INDEPENDENT NEWS

Knot Your Average Shoe!

Published: Wed 27 Mar 2024 11:44 AM
Detector Dog Bart was spot on when he became shoe–spicious of a box during a routine search of incoming property at Rimutaka Prison earlier this month.
During the search, Bart gave a very strong indication on a box of trainers. He would not leave the box alone.
His handler John Thorne began manually searching the shoes, carefully checking all of the usual cavities for concealment. However, he did not locate anything of concern.
“Bart was adamant that he was right, so I knew I needed to keep searching,” says John. “I checked the padding around the heel and then I felt an inconsistency.
“I ripped open that cavity and found a bag of white powder.
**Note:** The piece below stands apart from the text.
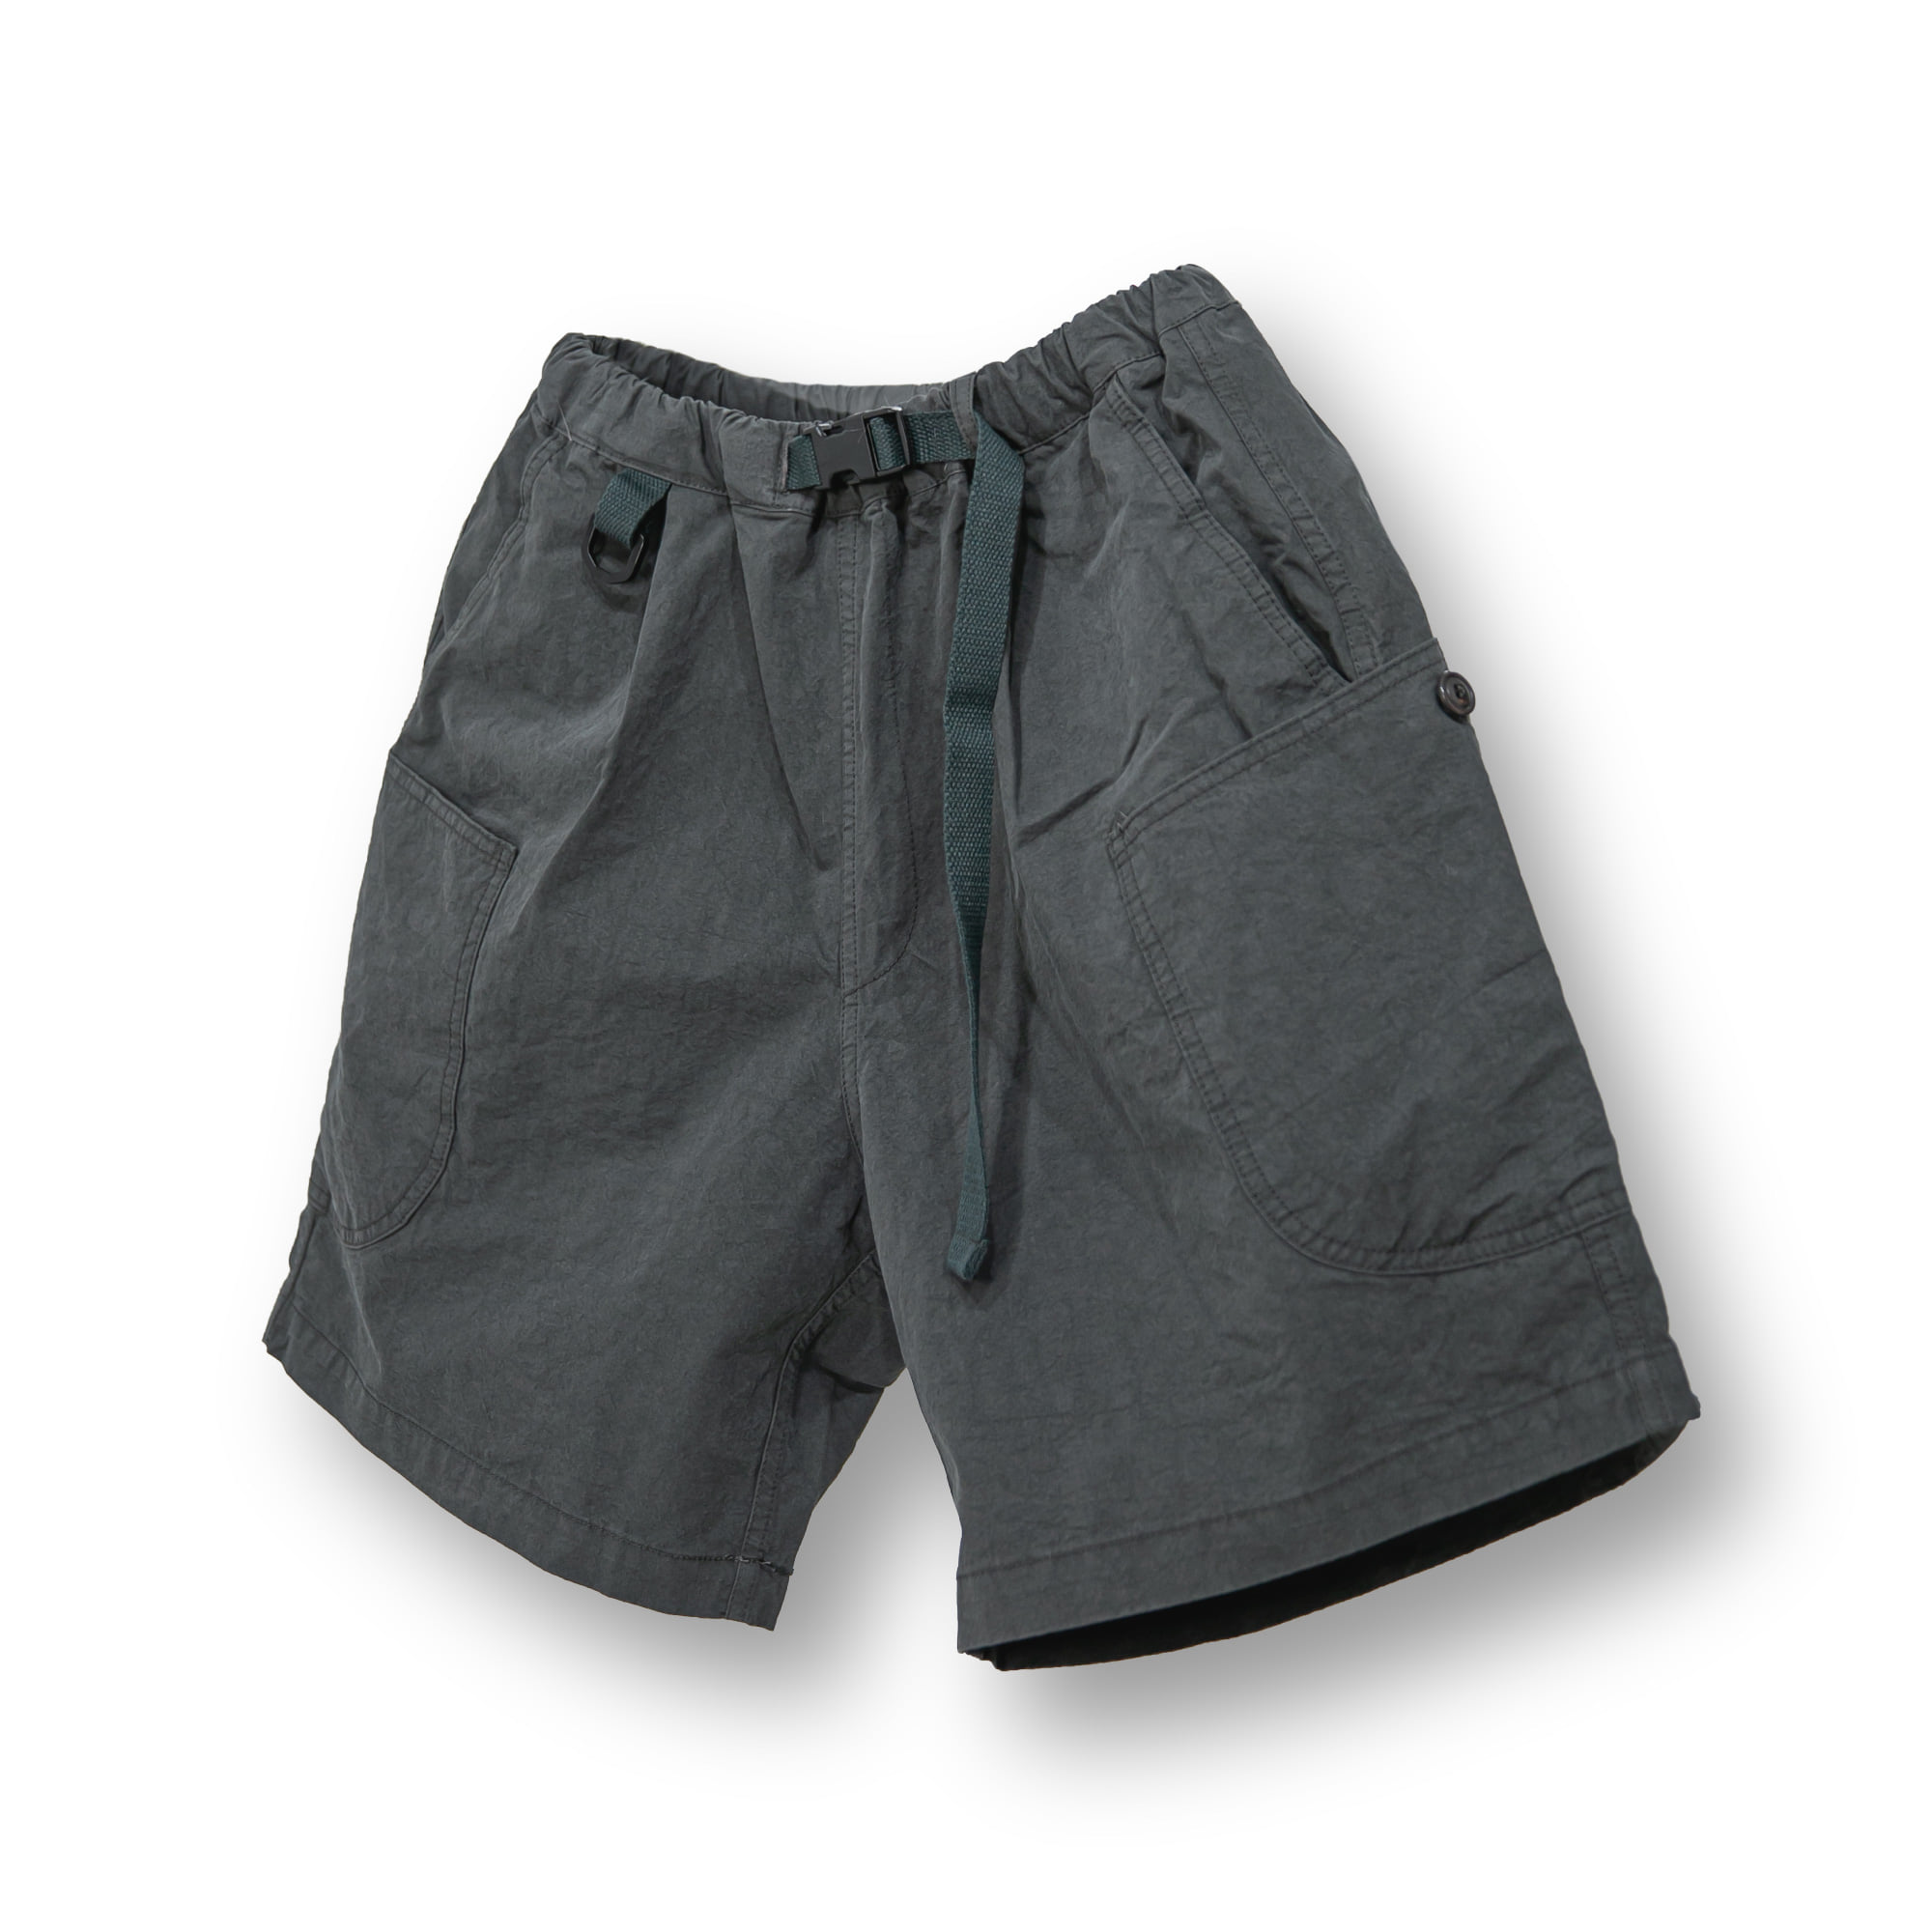 Oblique Cargo Shorts - Charcoal

I then felt the padding on the other side of the shoe and I felt a similar inconsistency. I checked the other shoe and it was the same on both sides.”
The incident was immediately reported to Police and the substances were collected to be tested.
Police have since confirmed the contraband as two small bags of methamphetamine (approximately 2.5 grams total), and four larger bags of cocaine (approximately 22.5 grams total).
“I trusted my dog and so I couldn’t accept that there was nothing there,” says John.
“Let this be a clear message to anyone attempting to bring in or send any contraband to our sites – you will be caught.
“There is no place for drugs in prison. They create a more dangerous working environment for our staff, and prevent prisoners from engaging in rehabilitation, education and employment opportunities.”
Corrections places significant emphasis on the prevention and detection of contraband introduction in prisons and we are constantly working to stay one step ahead of new methods used to introduce contraband into our prisons.
A range of methods are used at prisons across New Zealand to prevent drugs, weapons, cellphones and other prohibited items from entering. They include 22 operational Detector Dog Handlers operating 26 dogs across the country, x-ray technology, telephone monitoring of prisoners’ calls and single points of entry to sites.